Tracks multiple values simultaneously as described by layout.

Remember: tracking is for when you have a master unit and a few units that the master's emission should be combined with, and you want to know their most up to date values. In other words, #track quietly tracks the units, and emits when the master unit emits.

Layout can feature any combination of the following:

Using raw unit (will have to wait until all of age, profession arrive):

names = Fluxite::Port(String).new
ages = Fluxite::Port(Int32).new
professions = Fluxite::Port(String).new

names
  .track(ages, professions)
  .each { |name, age, profession| p!({name, age, profession}) }

Fluxite[ages, 25]
Fluxite[names, "John Doe"]
Fluxite[professions, "programmer"]

# STDOUT:
#   {name, age, profession} # => {"John Doe", 25, "programmer"}

Fluxite[profession, "gardener"]
Fluxite[age, 32]

# Prints nothing. `age` and `profession` are quietly tracked by `name`,
# to get their freshest values when `name` changes.

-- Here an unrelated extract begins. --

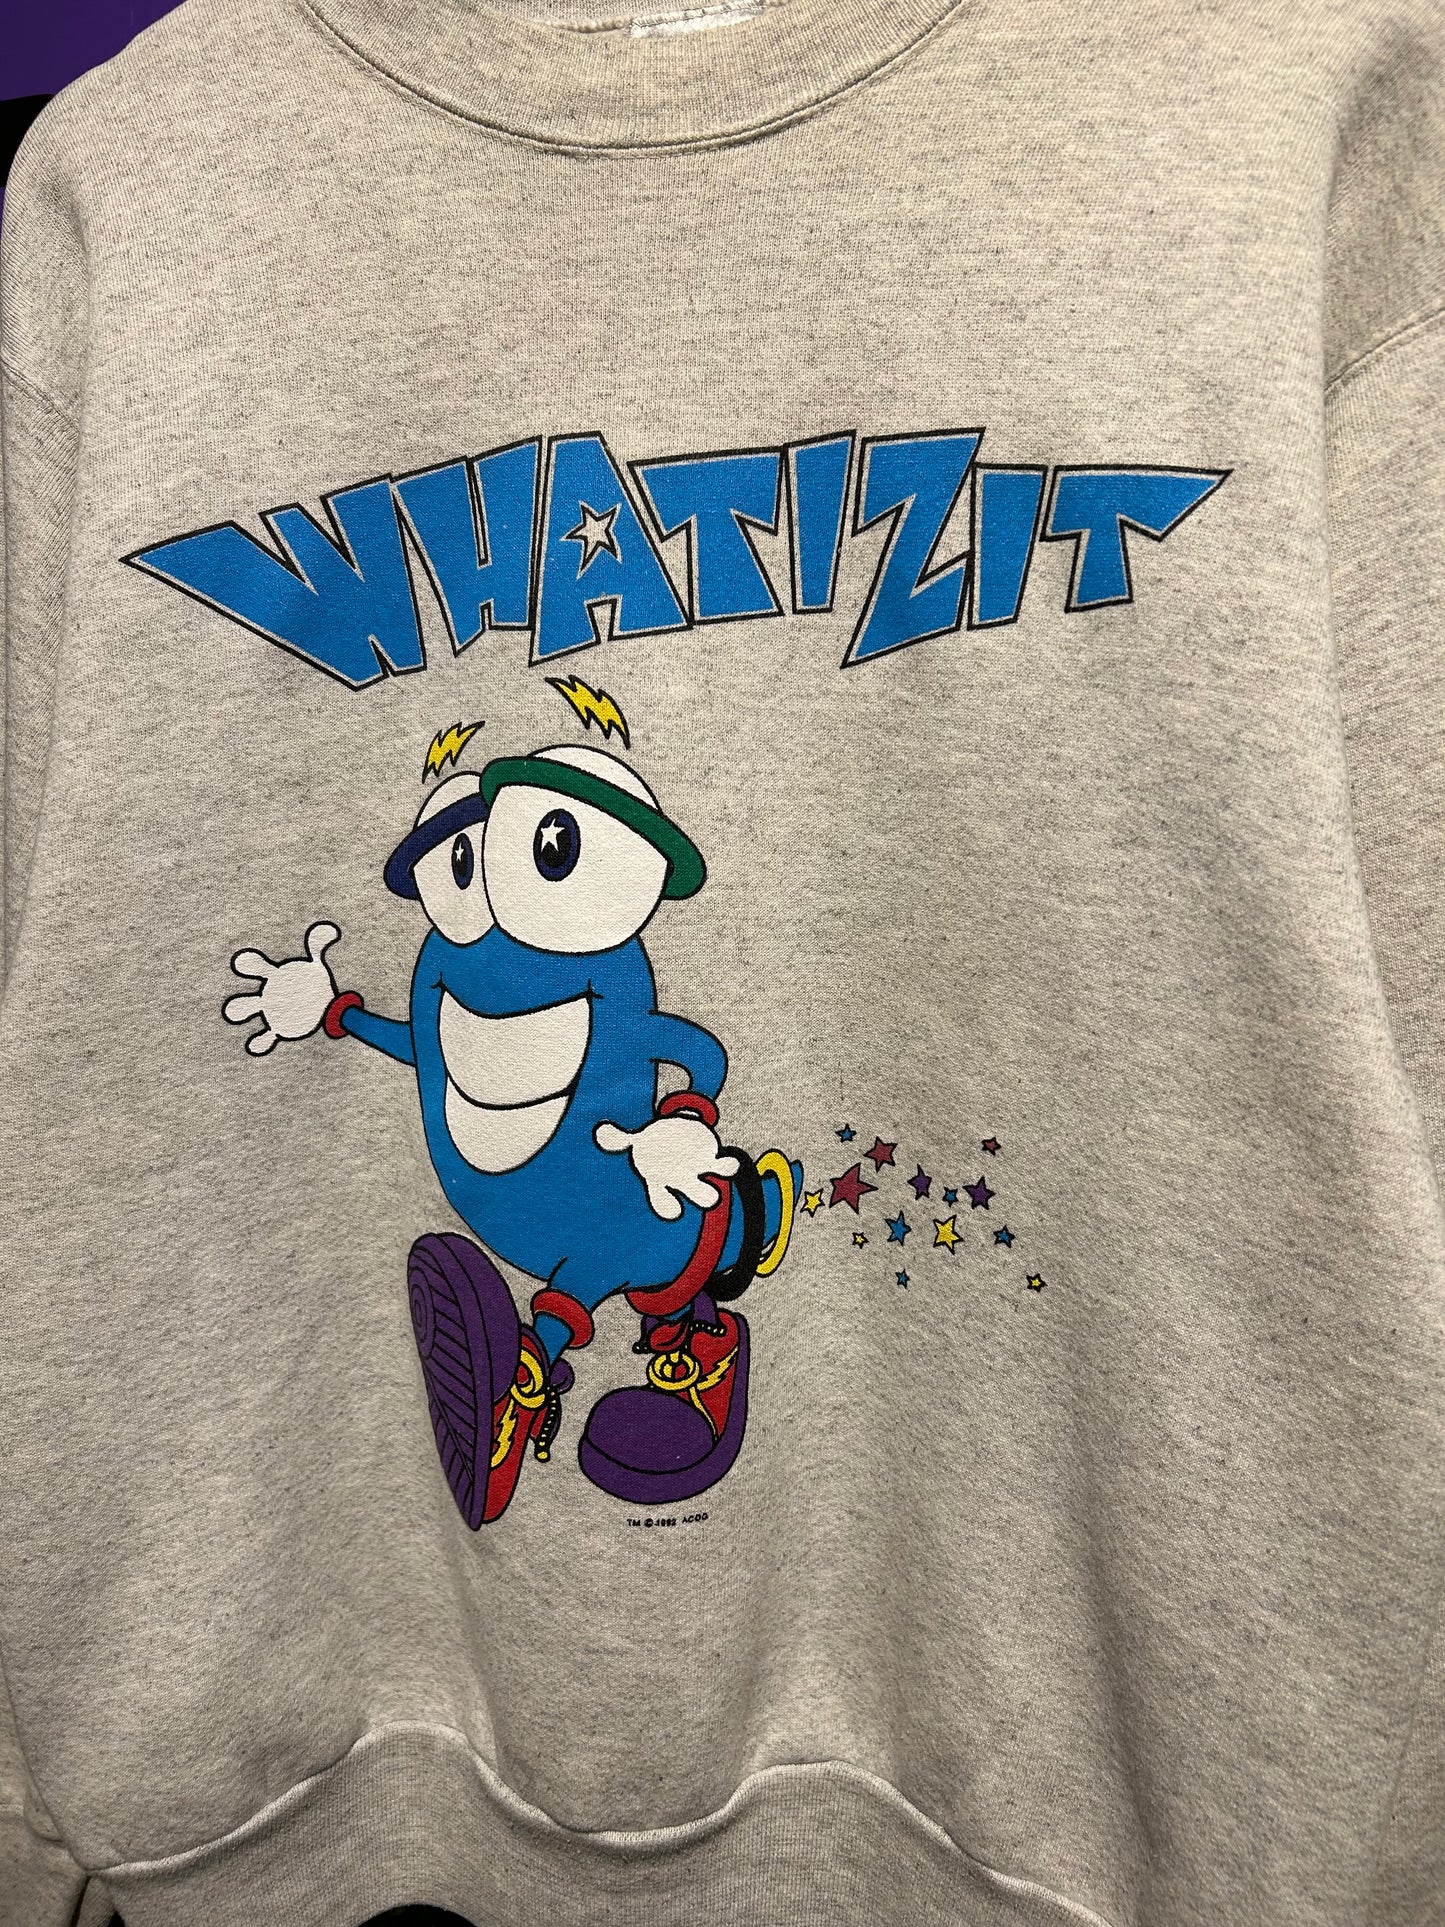 1996 Atlanta Olympics Mascot ‘WhatIzIt’ Crewneck. Size Large

Fluxite[names, "Susan Doe"]

# STDOUT:
#   {name, age, profession} # => {"Susan Doe", 32, "gardener"}

Specifying a default value to be used before a tracked unit emits:

names = Fluxite::Port(String).new
ages = Fluxite::Port(Int32).new
professions = Fluxite::Port(String).new

names
  .track(ages, {from: professions, default: "unspecified"})
  .each { |name, age, profession| p!({name, age, profession}) }

# For consistency you may write the above as:
# name
#   .track(
#     { from: ages },
#     { from: professions, default: "unspecified" })
#   .each { |name, age, profession| p!({ name, age, profession })

Fluxite[ages, 25]
Fluxite[names, "John Doe"]

# STDOUT:
#   {name, age, profession} # => {"John Doe", 25, "unspecified"}

Fluxite[professions, "writer"]

# Again, prints nothing. We've used the default value. Now a new `name`
# must arrive before we register the new profession.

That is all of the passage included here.